In touch with the world ... at home on the High Plains

Small town candy shop in western Kansas sells confections across the country

Amy Bickel

Alan Williams of Modoc, Kansas says his wife, Tonja, is like the Willy Wonka of western Kansas.

As Kansas Agland reports, while there are no Everlasting Gobstoppers or rivers of chocolate flowing through Tonja’s Toffee, as the name suggests, there is toffee, and lots of it this time of year, as Tonja works to fill Christmas orders that will make their way to 26 retail  locations, including one in Missouri and one in Colorado.

She calls this time of year her harvest and even though her little candy shop is located in the remote High Plains, the Internet has helped Tonja’s candy sales spread across the nation.

It all started when Tonja was diagnosed with multiple myeloma in 2008, which prompted her to earn extra money to fund travel to Houston to get drugs for a clinical trial she was participating in.

At that time, she posted a message on a bulletin board in the faculty lounge of Scott County Elementary School, where she is employed as a Title 1 reading teacher. While this netted her several sales, it wasn’t until 2013 that her business really took off, after she began marketing her toffee through Facebook to help her son raise funds for a mission trip to the Ukraine.

"It just blew up," she told Kansas Agland.
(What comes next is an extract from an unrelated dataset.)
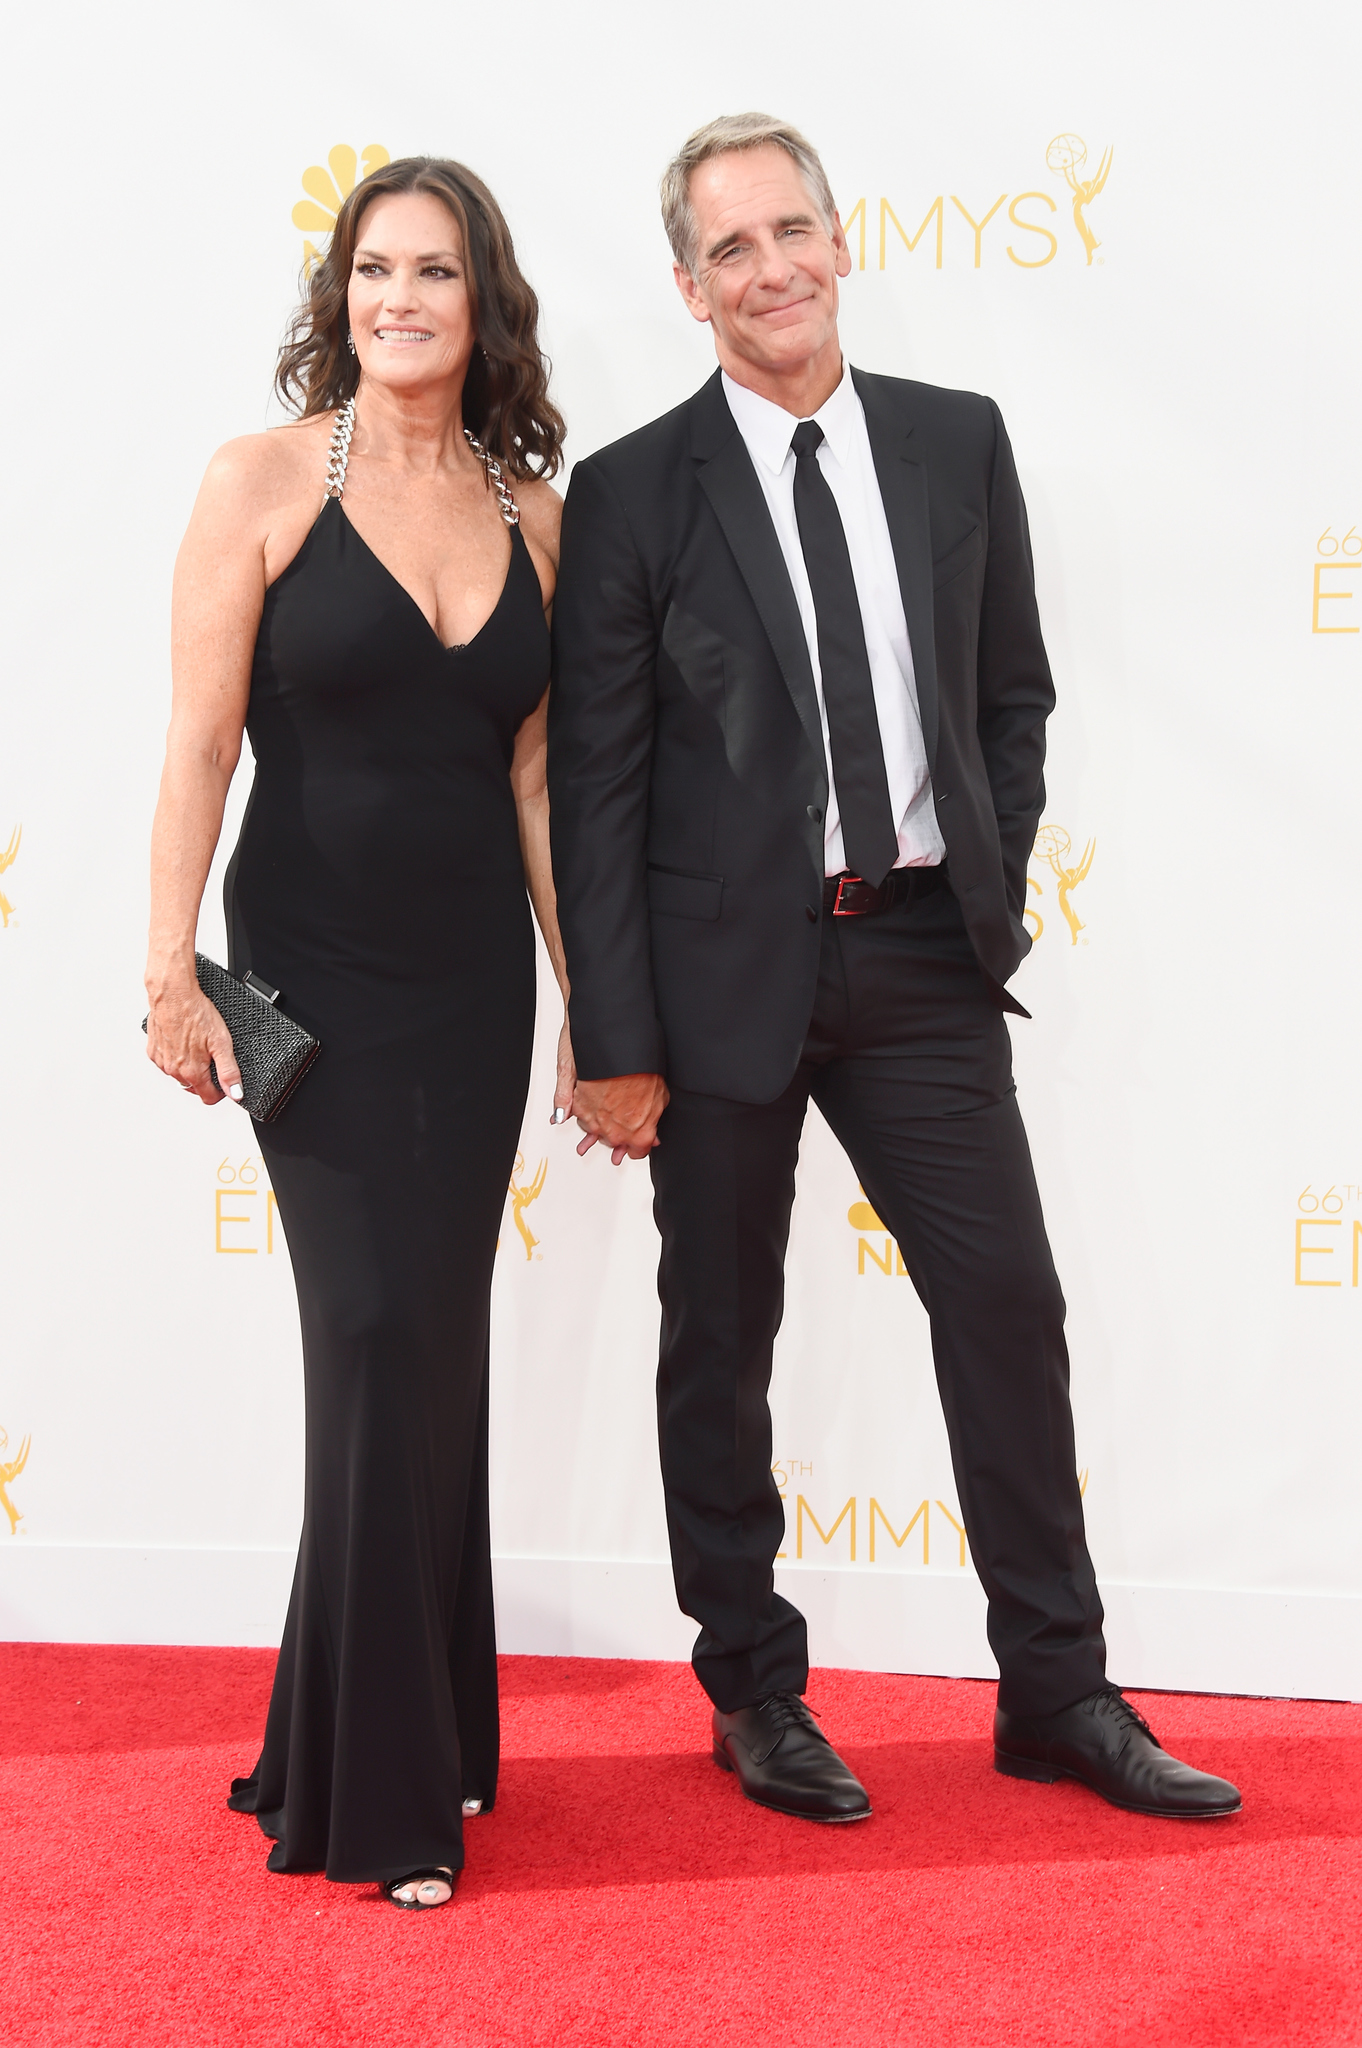 Scott Bakula and Chelsea Field at event of The 66th Primetime Emmy Awards (2014)
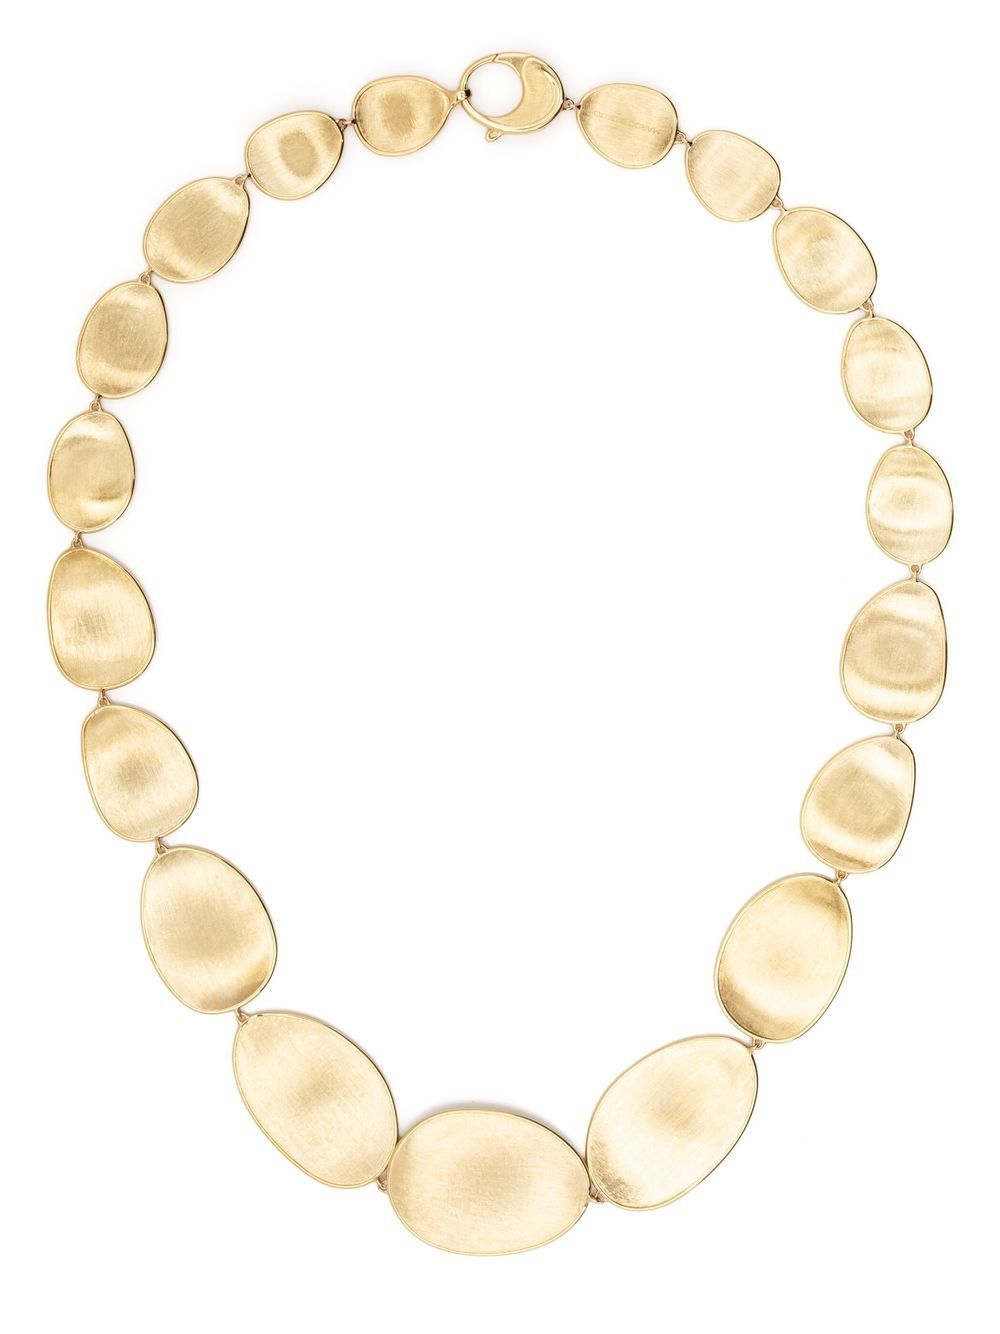 Marco Bicego 18kt Yellow Gold Lunaria Necklace

Her son had raised his money in a matter of weeks. "That is when I thought maybe this is something I should pursue."

She then tested the market by setting up a booth at Scott County’s annual craft show, Whimmydiddle, where she said she sold 167 pounds of candy in one day.

In January 2014, her farmer-husband turned their single-car garage into a food production kitchen and then Tonja began selling her toffee, which come in milk chocolate, dark chocolate, white chocolate, butter and butterscotch flavors, as well as peanut brittle, online and at craft shows.